You can read the entire statement here, and the press release here

Without further ado, here is the bold letter to The Leadership Conference's President and CEO, Wade Henderson, written by Allendale, NJ parent Julie Larrea Borst.


5 May 2015
Wade Henderson, Esq.
President and CEO
The Leadership Conference on Civil and Human Rights
1629 K Street NW, 10th Floor
Washington, DC 20006

Dear Mr. Henderson, 
 I very rarely take the time to respond to press releases by organizations such as yours. However, the release dated today, 5th May, has left me wondering who exactly you’re representing, because it certainly is not me or my disabled daughter. 
 Please allow me to explain why the current testing, and its abysmal 14-year track record, are not in the best interests of students with disabilities (SWD), for persons of colors, or those who are economically disadvantaged. 
As a parent and a parent advocate, I am in a position to see, on the ground, how the effects of NCLB, and now the implementation of Bill Gates’ vision of Common Core State Standards (CCSS) and the accompanying tests, have grossly underserved those The Leadership Conference represents. 
It’s easy to understand the draw of the notion that a student’s progress or a teacher’s effectiveness can be quantified. I have a corporate background. I get it. But, this is people we are talking about, and more specifically, people who for whatever reason have challenges that deserve much more than the idea that a test score will help them overcome those challenges. 
NCLB did not close achievement gaps. It did not lead to better and innovative curriculum. It did not improve US scores on PISA. 
What NCLB did do is create a really clear map of where the deepest pockets of poverty are in this country. It did demonstrate that attaching “high stakes” (someone’s profession, their livelihood) to a number made for a narrowing of curriculum as everyone was forced to teach to a test. Race to the Top is that program on steroids. 
For the last 14 years, tax-payer money has been going to support a program that is not focused on raising up students, no matter what their situation. Special education, as I have lived it, in some of the wealthiest areas of this country, has been cut short by the insipid notion that having “higher expectations” and doing well on a test that takes none of my daughter’s disabilities into account, will somehow, magically produce better students, now called “college and career ready.” Anyone with the most basic background or exposure to SWD’s knows this is not true.
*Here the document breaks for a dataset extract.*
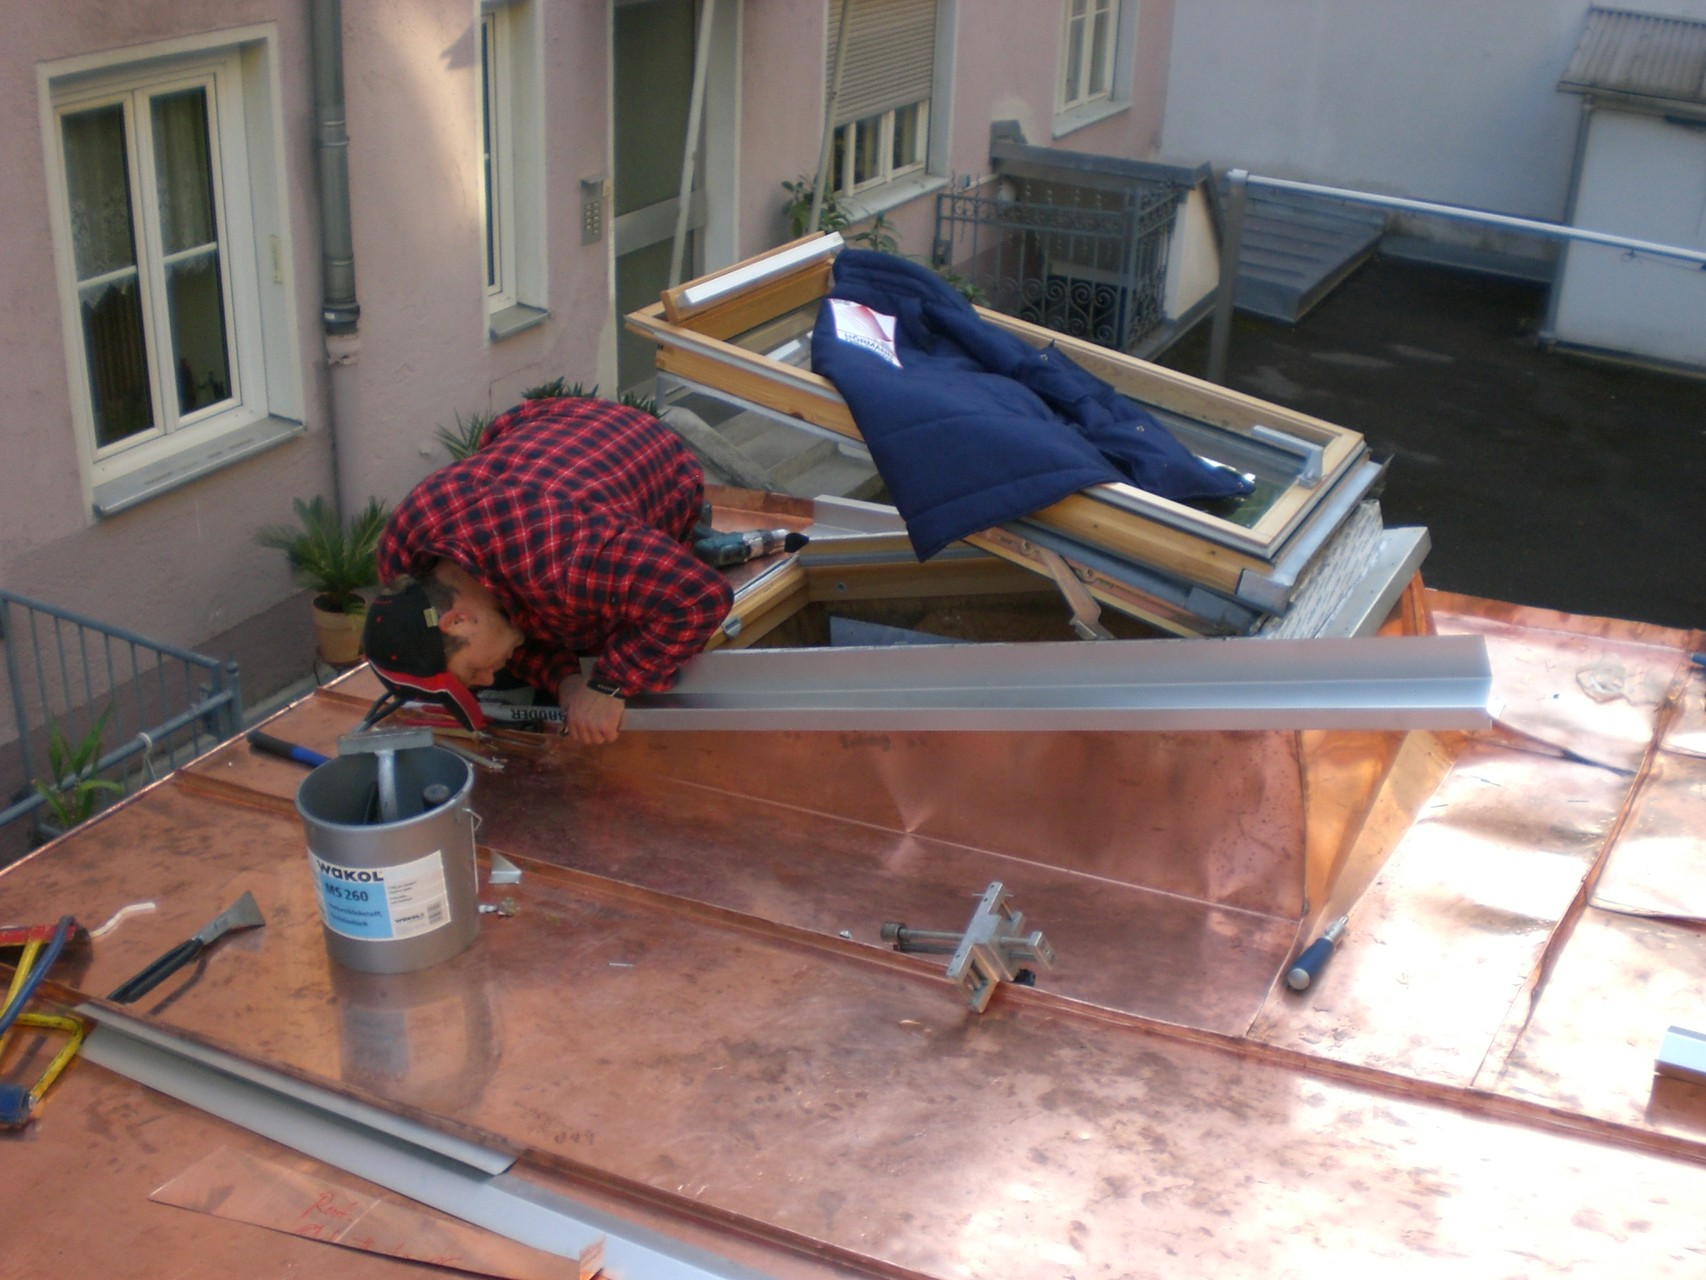 Garagenhof München: Blechdacheindeckung eines Garagenhofs, alle Garagen mit Fenstern und zahlreichen Ausfalzungen.

We also know that all the money spent on testing and on remediation because a single test reported that students are “failing,” has resulted in desperately needed funding not reaching the populations most in need – students with disabilities, students of color, and students who are economically disadvantaged. 
Those scoring low on tests were labeled “failing” and punished with the loss of funds! Those “failing” scores translated into “failing schools” that were then closed and/or sold off to charter school companies. Imagine the very heart of your neighborhood being cut out. The effects are devastating – on the fired teachers, on the displaced school children, on loss of neighborhoods. This method is called “test and punish.” 
Now, with the onset of CCSS testing -- here in New Jersey it is PARCC -- we have had to deal not only with the complete overhaul of CCSS-aligned curriculum, but also with whatever districts have had to purchase in order to administer this fully online test – infrastructure, hardware (laptops, tablets, etc.), new technology staff to manage all of this, professional development to administer the test, and so on. Districts, already strapped for money, have still had to find it somewhere. There has been no accountability for the money spent on CCSS or the testing. Do you think special ed programs didn’t suffer because of this? Do you think in areas with poverty that money could not have been spent on more meaningful things such as - textbooks, art supplies, and afterschool programs? What exactly was wrong with the grade span testing pre-NCLB? And why are you not advocating alternative assessments, such as NYC’s Performance Standards Consortium, which allow students like my daughter to show what they can do rather than simply fail a standardized test. 
It is disheartening to hear organizations like yours, and the ones that comprise your membership, speak out against the one action that has actually gotten attention after years of parents being ignored. It is astonishing that your civil rights group doesn’t recognize civil disobedience when you see it, and what’s more, you condemn it! 
Please, I implore you, take the time to understand what these standardized tests provide in terms of usable data. Receiving a “not proficient at grade level” designation is not even remotely helpful, especially when true diagnostic tests are available. Speak to parents. Speak to teachers. 
I would be happy to have a discussion with you about testing, about special education, and how organizations like yours can help those of us living through this morass called public education. 
Sincerely,

Julie Larrea Borst


6 comments:

  1. Thank you for this post. As a parent who refused the PARCC for two children, I couldn't agree more.

    The Leadership Council's view of high stakes testing is puzzling, especially as you point out, the claim that test data is needed to ensure equitable distribution of funds could be met through grade span or even NAEP testing.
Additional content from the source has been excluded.